More Problems With Australia’s Temperature Record: Part 1

April 8, 2022

Since 2010 I have been documenting problems with different versions of Australia’s official temperature record as produced by the Bureau of Meteorology (BOM).  Since the High Quality (HQ) dataset was quietly withdrawn in 2012 we have seen regularly updated versions of the Australian Climate Observation Reference Network- Surface Air Temperature (ACORN-SAT or Acorn).  We are now up to Version 2.2.  In this Part I shall show the effect of these changes on temperature trends.  In Part 2 I will show how record length affects trends, and in Part 3 I will look at the record since 1970 at some individual stations.

Figure 1 is from the BOM Climate Change Time Series page.

Figure 1:  Australian Official Temperature Record 1910 to 2021

The linear trend is shown as +0.13℃ per decade, or 1.3C per 100 years.  My colleague Chris Gillham of WAClimate has provided me with archived Acorn 1 annual mean temperature data to 2013 which allows this comparison:

Figure 2:  TMean: Acorn 1 and Acorn 2

The result of introducing Acorn 2 has been a much steeper trend:  Acorn 1 trend to 2013 was 0.9℃ per decade.  The trend has now become 0.13℃ per decade. (The extra 9 years have added an extra 0.017C per decade to the trend.)

Figure 3 shows when and how large the changes were:

Figure 3:  Difference between Acorn 1 and Acorn 2

Acorn2 is cooler than Acorn 1 before 1971 and warmer in all but three years since.  Since these were based on the same raw temperatures (with some small additions of digitised data and a couple of changes to stations) the changes were brought about entirely by adjustments to the data.

I calculated running trends from every year to 2013 for both datasets.  As trends shorter than 30 years become less reliable I truncated the running trends at 1984.  Figure 4 compares thre trends to 2013 of Acorn 1 and Acorn 2.

Figure 4:  Acorn 1 and Acorn 2 running trends per decade to 2013

The weather fluctuations of the mid-1970s to 1980s played havoc with trends.

Figure 5 shows the difference between the trends.

Figure 5:  Difference between Acorn 1 and Acorn 2 Trends

The difference ranges from +0.024C per decade for 1910 to 2013, to +0.039C for 1950 to 2013.  Having increased warming by from 0.25C to 0.4C per 100 years (just by making different adjustments) Acorn 2’s trend is much more alarming than Acorn 1’s.

Conclusion:

This is from the BOM’s explanation for Acorn:  

“A panel of world-leading experts convened in Melbourne in 2011 to review the methods used in developing the dataset.
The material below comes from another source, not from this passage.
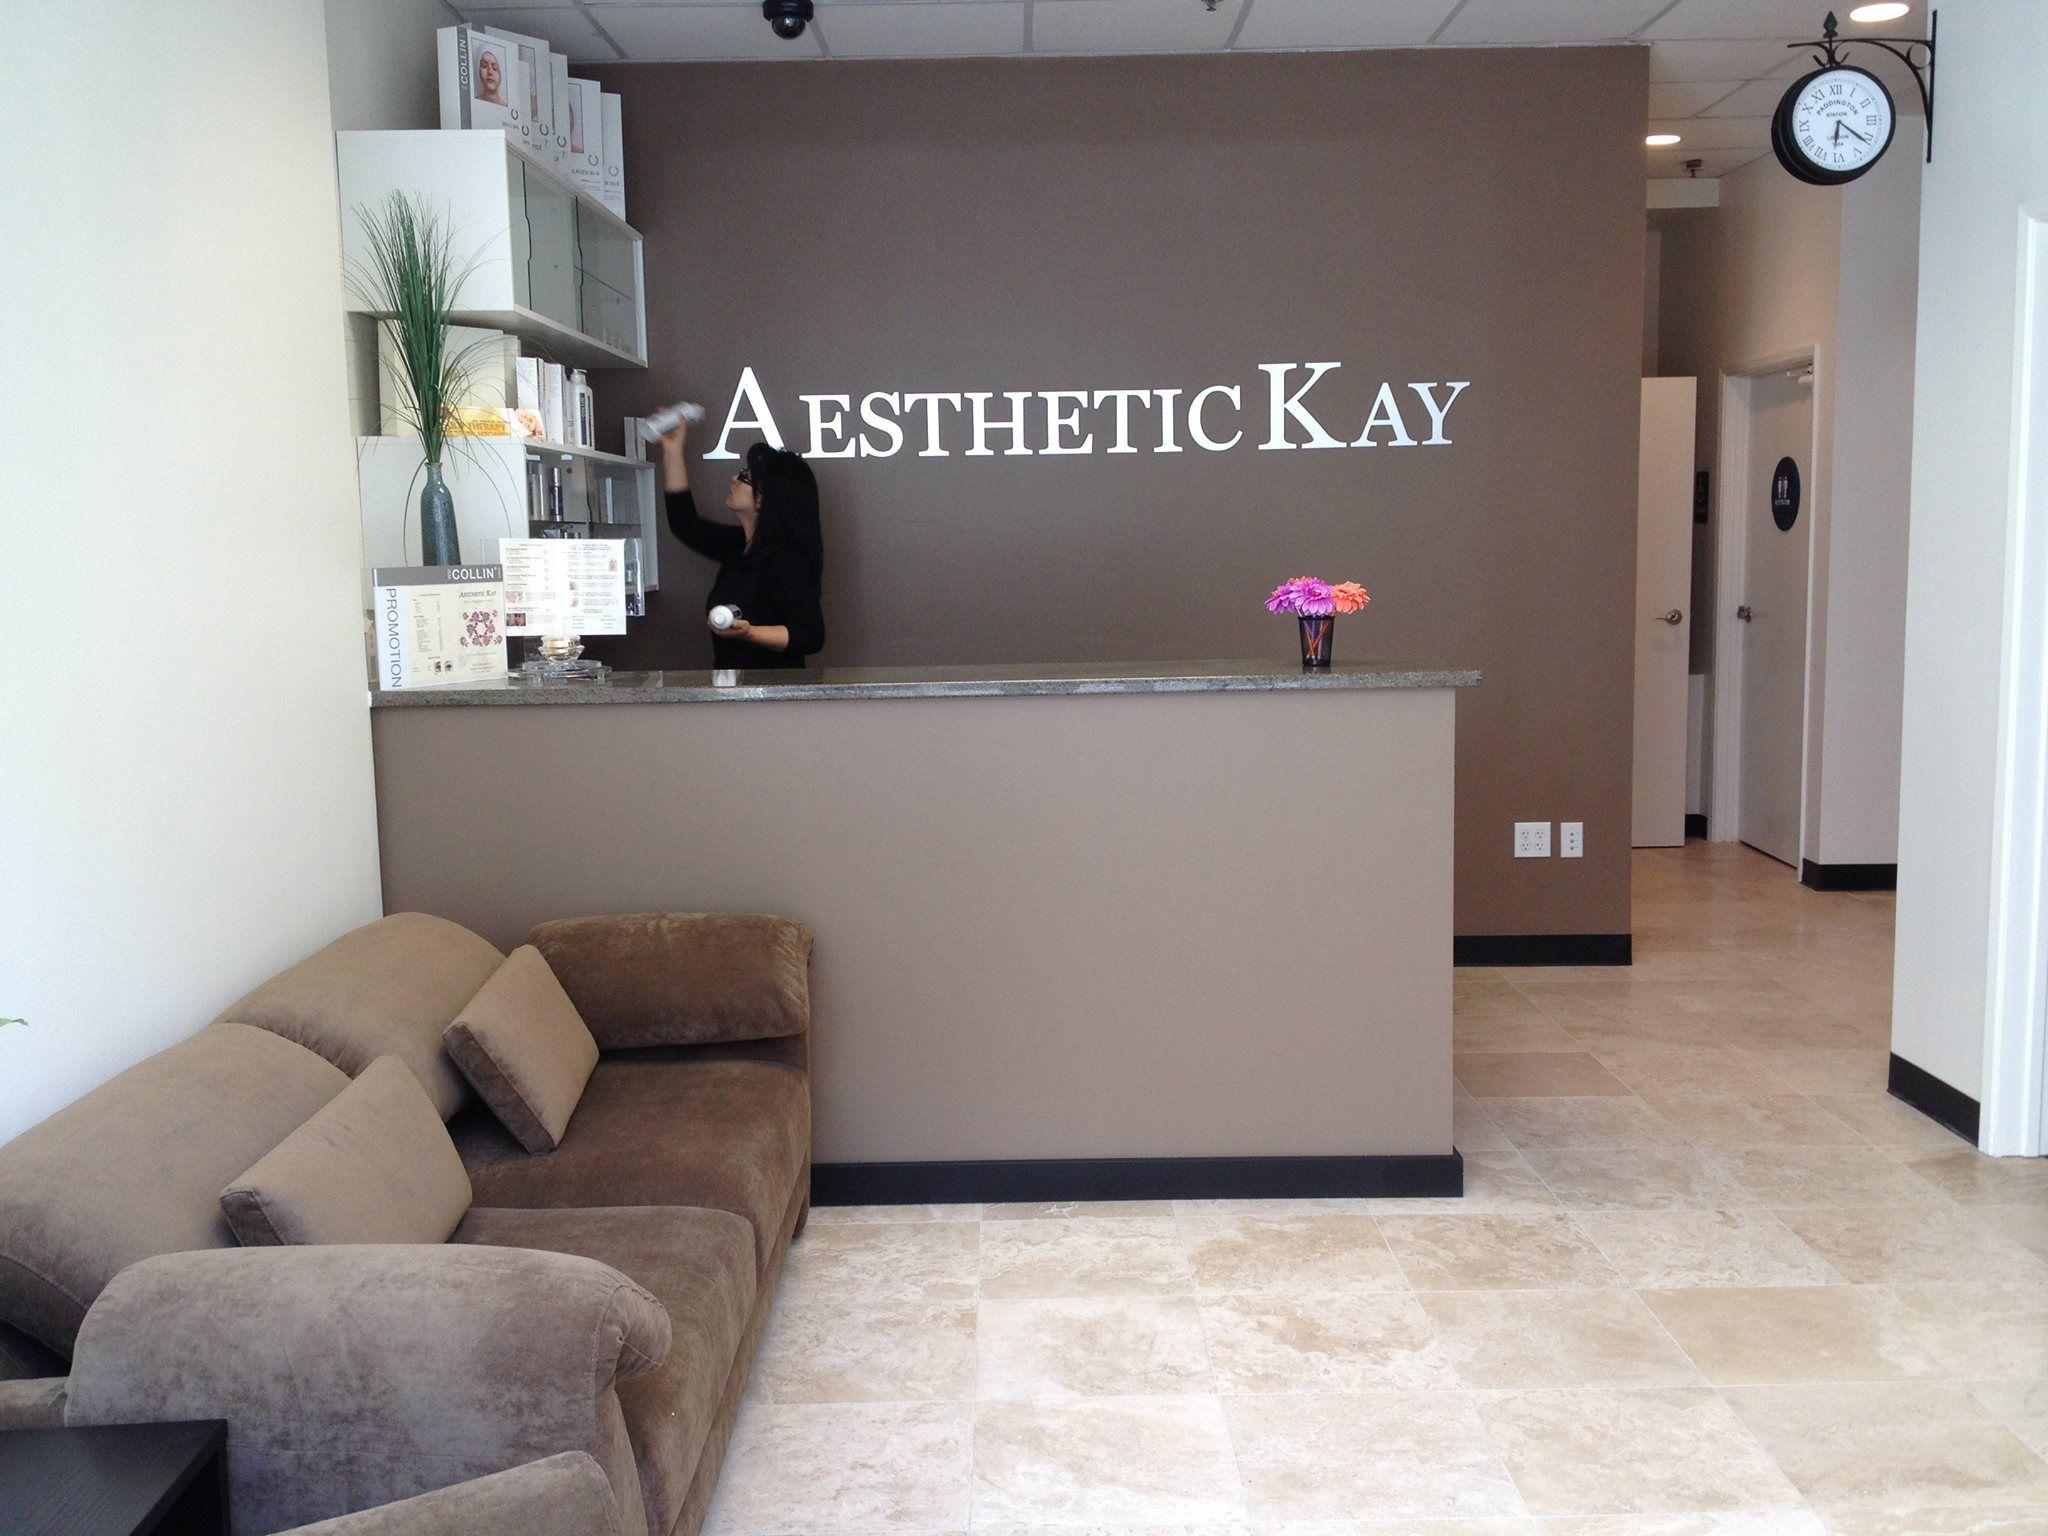 Aesthetic Kay

It ranked the Bureau’s procedures and data analysis as amongst the best in the world. ‘The Panel is convinced that, as the world’s first national-scale homogenised dataset of daily temperatures, the ACORNSAT dataset will be of great national and international value. We encourage the Bureau to consider the dataset an important long-term national asset.’” ACORN-SAT International Peer Review Panel Report, 2011.

 Acorn 1.0 was apparently such an important long-term asset that it was quickly superseded by Acorn 2 with a much more alarming trend.

Diurnal Temperature Range and the Australian Temperature Record: More Evidence

January 19, 2022

In an earlier post, I demonstrated through analysing Diurnal Temperature Range (DTR) that the Bureau of Meteorology is either incompetent or has knowingly allowed inaccurate data to garble the record.

A couple of readers suggested avenues for deeper analysis. 

Siliggy asked, “Is the exaggerated difference now caused by the deletion of old hot maximums and or whole old long warmer records?”

Graeme No. 3 asked, “Is there any way of extracting seasonal figures from this composition?”

This post seeks to answer both, and the short answer is “Yes”.

Using BOM Time Series data (from the thoroughly adjusted Acorn dataset) I have looked at data for Spring, Summer, Autumn, and Winter (although those seasons lose their meaning the further north you go).

DTR is very much governed by rainfall differences as shown by this plot.

Figure 1:  Winter DTR anomalies plotted against rainfall anomalies- all years 1910-2020

This shows that in winter DTR decreases with increasing rainfall.  The R squared value of 0.79 means that for the whole period, rainfall explained DTR 79% of the time on average.  However, the average conceals the long term changes in the relationship.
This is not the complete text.